§ **RECORDED INFORMATION**:
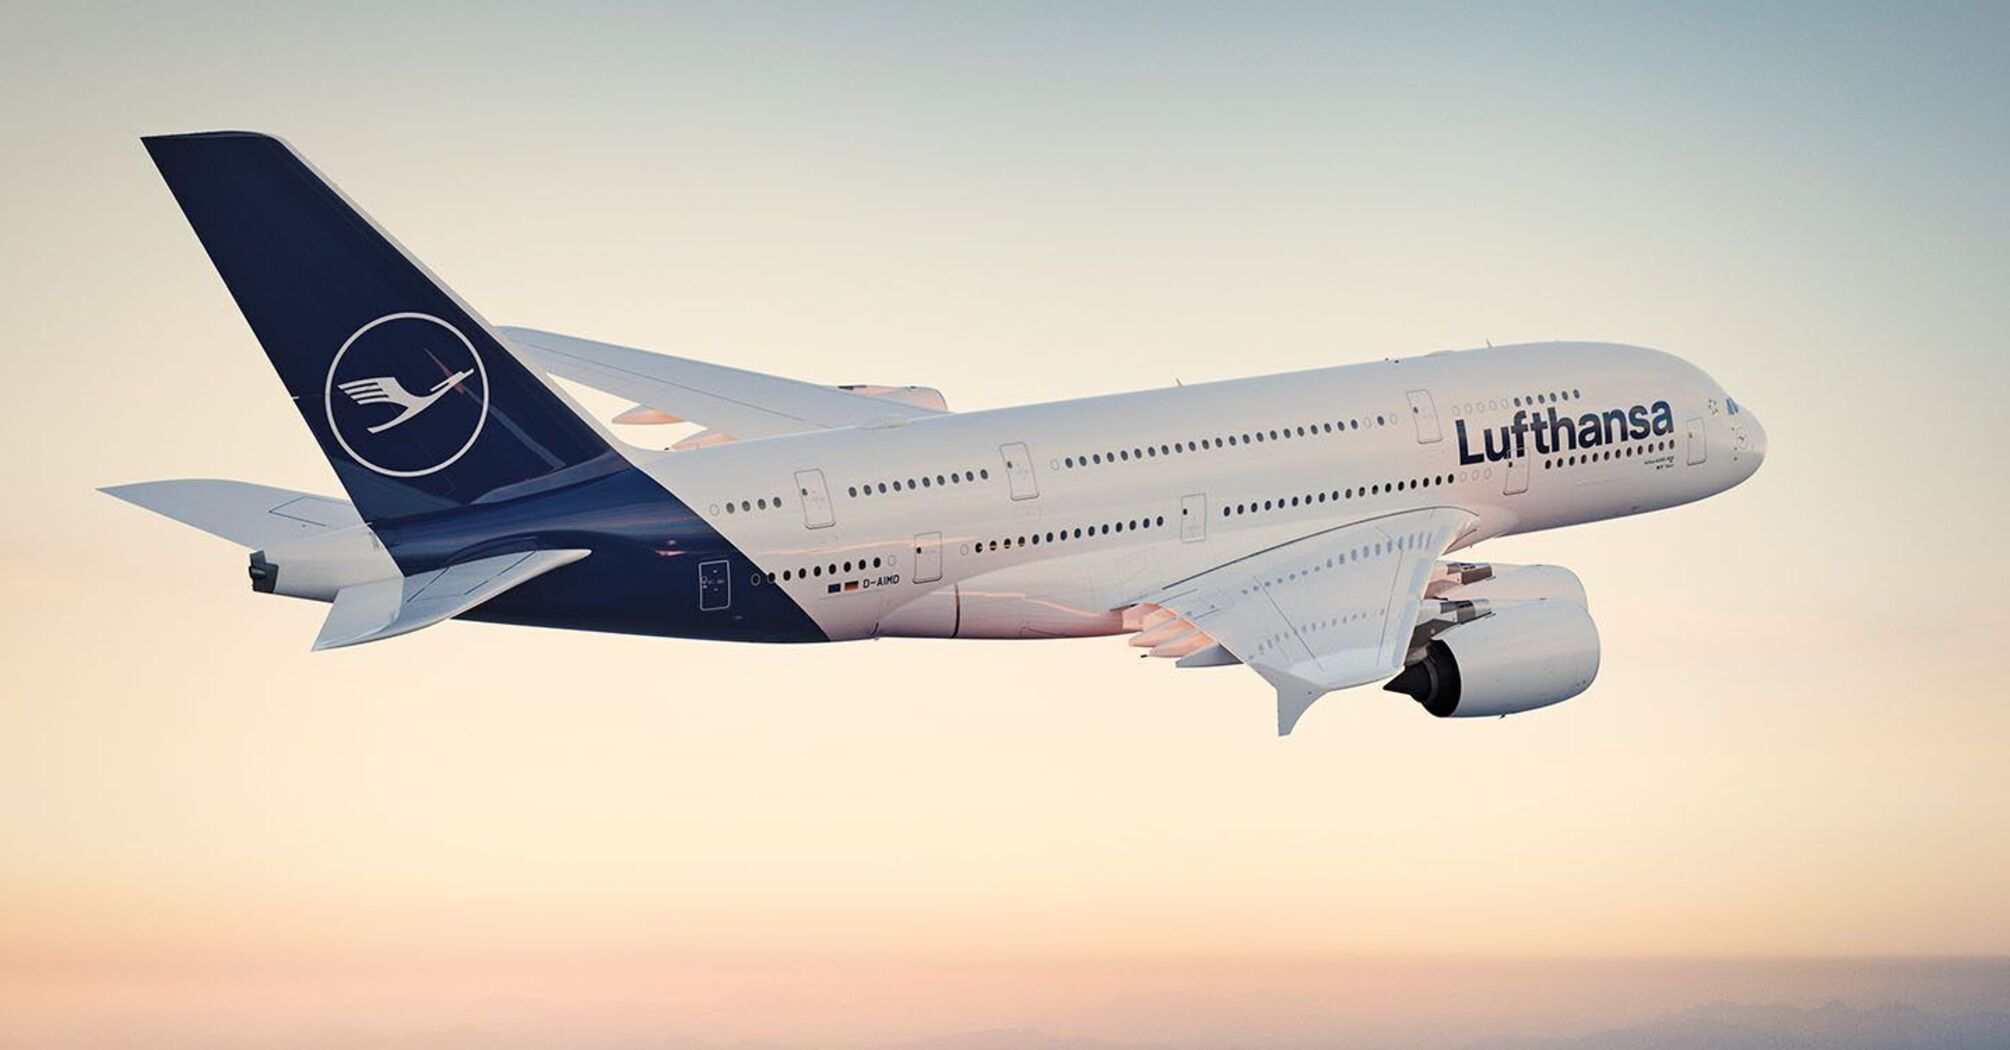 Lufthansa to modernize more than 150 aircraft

...

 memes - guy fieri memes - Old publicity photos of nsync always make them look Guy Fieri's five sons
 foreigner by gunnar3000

§ **THE PROBLEM**:
In the entries above, the lines between the one holding "memes - guy" and the one holding "foreigner by gunnar3000", inclusive, are to be printed exactly as written, and those alone.

§ **TASK SOLUTION**:
 memes - guy fieri memes - Old publicity photos of nsync always make them look Guy Fieri's five sons
 foreigner by gunnar3000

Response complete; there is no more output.